Interesting that this doesn't work if you declare $x with my (instead of our). Any idea why that is?


Comment on Re^2: Indirect variable name
Re^3: Indirect variable name
by moritz (Cardinal) on Nov 20, 2008 at 13:30 UTC
    my variables are stored in the lexical pad (which is a hidden data structure associated with every block), while our variables are globals that are stored in the symbol table, for which our installs a lexically scoped alias.

    Symbolic deferences only look in the symbol table, not in the lexical pad. A reason for that is that lexical variables can be removed from an outer pad when taking a closure, and allowing symbolic differentiation would defeat that optimization.

    (Sorry if that explanation was very technical and relies on internals; if you don't understand it, read it as "it's much more efficient to implement that way")

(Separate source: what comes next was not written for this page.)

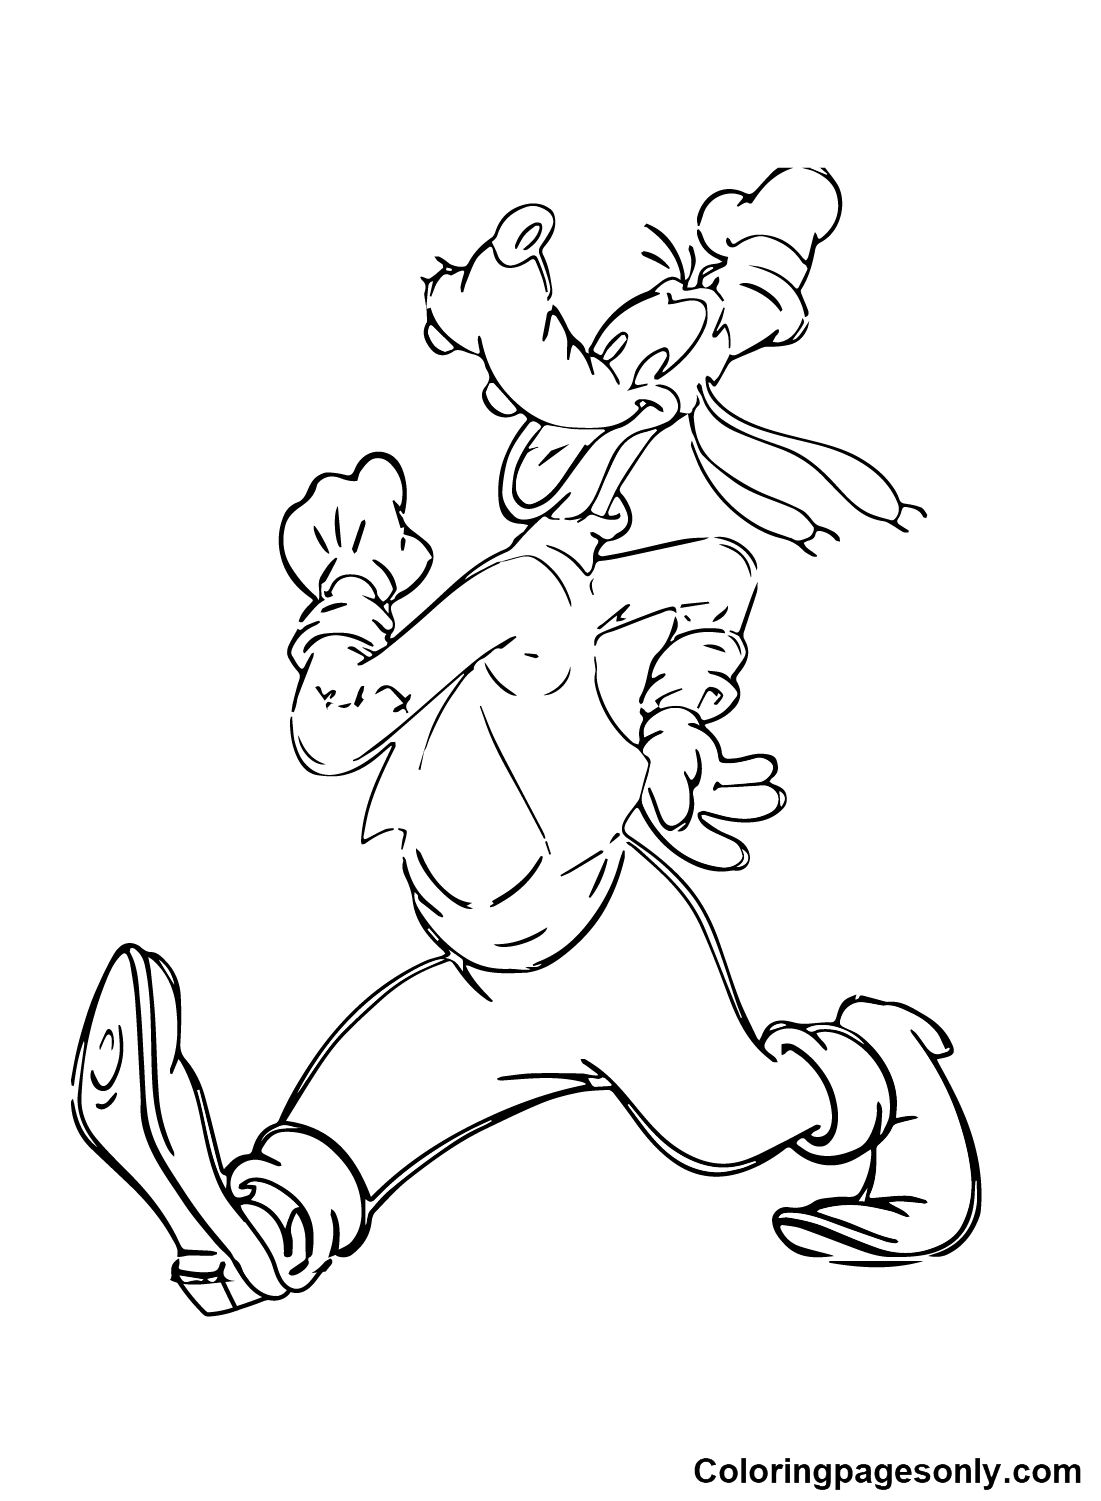 Goofy from Kingdom Hearts Coloring Pages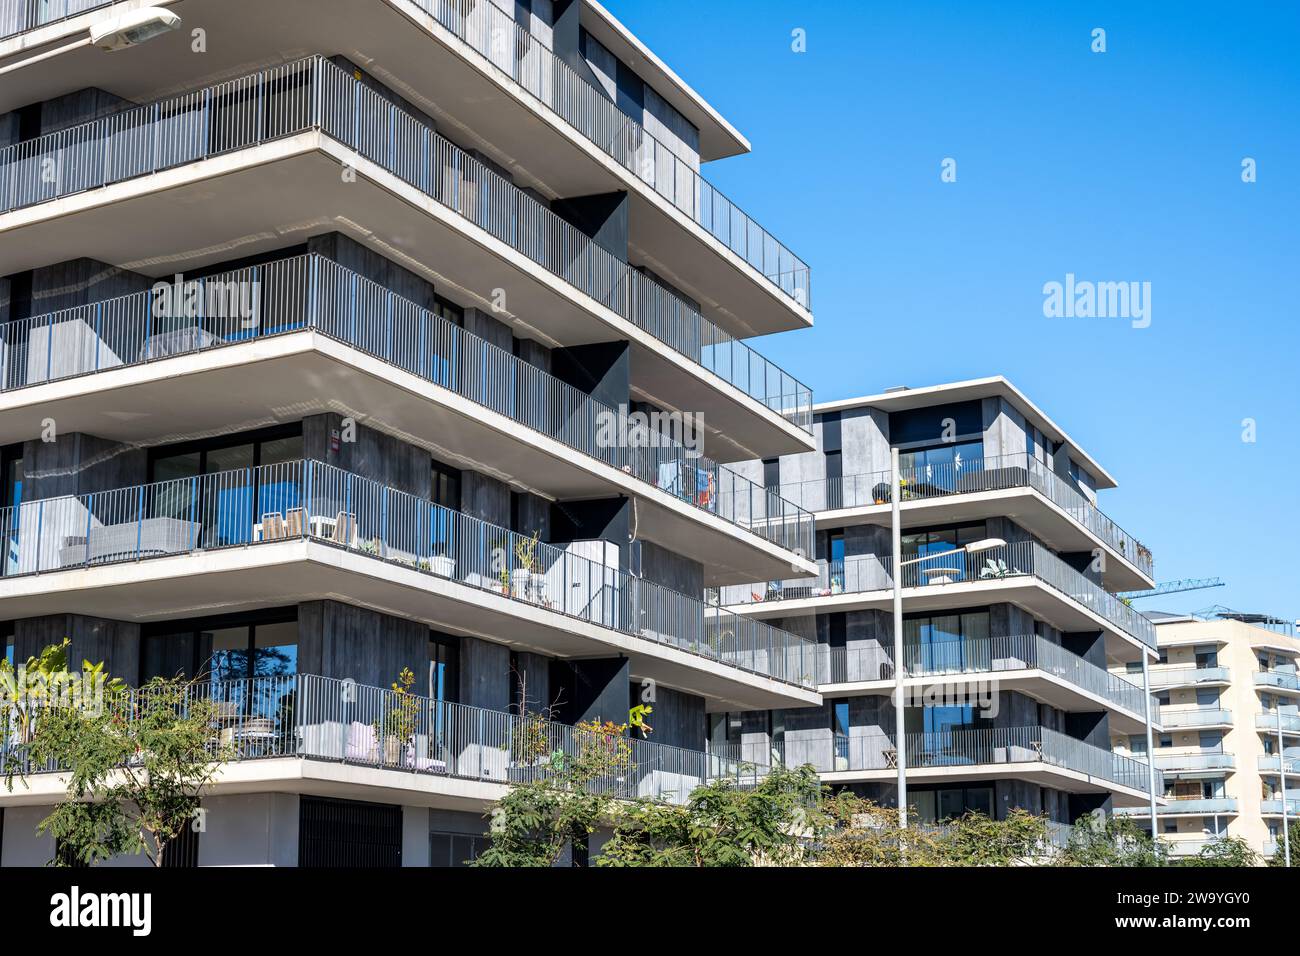 New gray apartment building seen in Barcelona, Spain Stock Photo

    Update: if you are more interested in philosophical arguments, there's a fundamental asymmetry between lexicals and entries in the symbol table: lexicals always have names that are identifiers, whereas symbol table entries can have arbitrary names:

    $ perl -lwe '*4 = sub { print "yes" }; 4->()' yes

    So under some circumstance it might be better not to mix up the lookup of those two.

      Thanks for the detailed explanation.

      The Camel Book also doesn't go into details about why. It just mentions it in passing (almost as if the author was saying "don't ask me why.":)

      Cheers.
        probably because he explains later
      Using symbolic references for plain variables works as expected. However, I'm stuck on how to reference 'flag' below.

      Origional code:
      package Util::Stuff::aaa1; sub flag { 10 } #### use Util::Stuff; print Util::Stuff::aaa1->flag; # yields 10 ... our $v = 'Util::Stuff::aaa1'; print $$v->flag; # yields undef error ... our $v = 'Util::Stuff::aaa1->flag'; print "$$v\n"; # yields nothing

      If it wasn't for the need to find a clean way to glue two separate projects together, I wouldn't bother with this. However, it's an interesting issue and I'm keen to learn something different.

      Thanks!
      Henry
        print Util::Stuff::aaa1->flag; # yields 10 ... our $v = 'Util::Stuff::aaa1'; print $$v->flag; # yields undef error ... our $v = 'Util::Stuff::aaa1->flag'; print "$$v\n"; # yields nothing
        The last 2 aren't working because, in the second case, you are trying to call the flag method on the variable named Util::Stuff::aaa1; and, in the third case, you are referring to the variable named Util::Stuff::aaa1->flag (no method call is occurring). What you want to do is to call the flag method on the class Util::Stuff::aaa1 itself—no symbolic references are required.
        our $v = 'Util::Stuff::aaa1'; print $v->flag;
      if you are more interested in philosophical arguments, there's a fundamental asymmetry between lexicals and entries in the symbol table: lexicals always have names that are identifiers, whereas symbol table entries can have arbitrary names:

      I personally believe, speaking of philosophical arguments, that having what that basically boils down to two independent variable systems is particularly annoying especially because they're in fact so similar to each other, thus adding to confusion rather than diminishing it! A posteriori, if say lexical variables looked all that different from package ones, then one would not even think of asking herself why something e.g. "works when variables are declared with our but not with my."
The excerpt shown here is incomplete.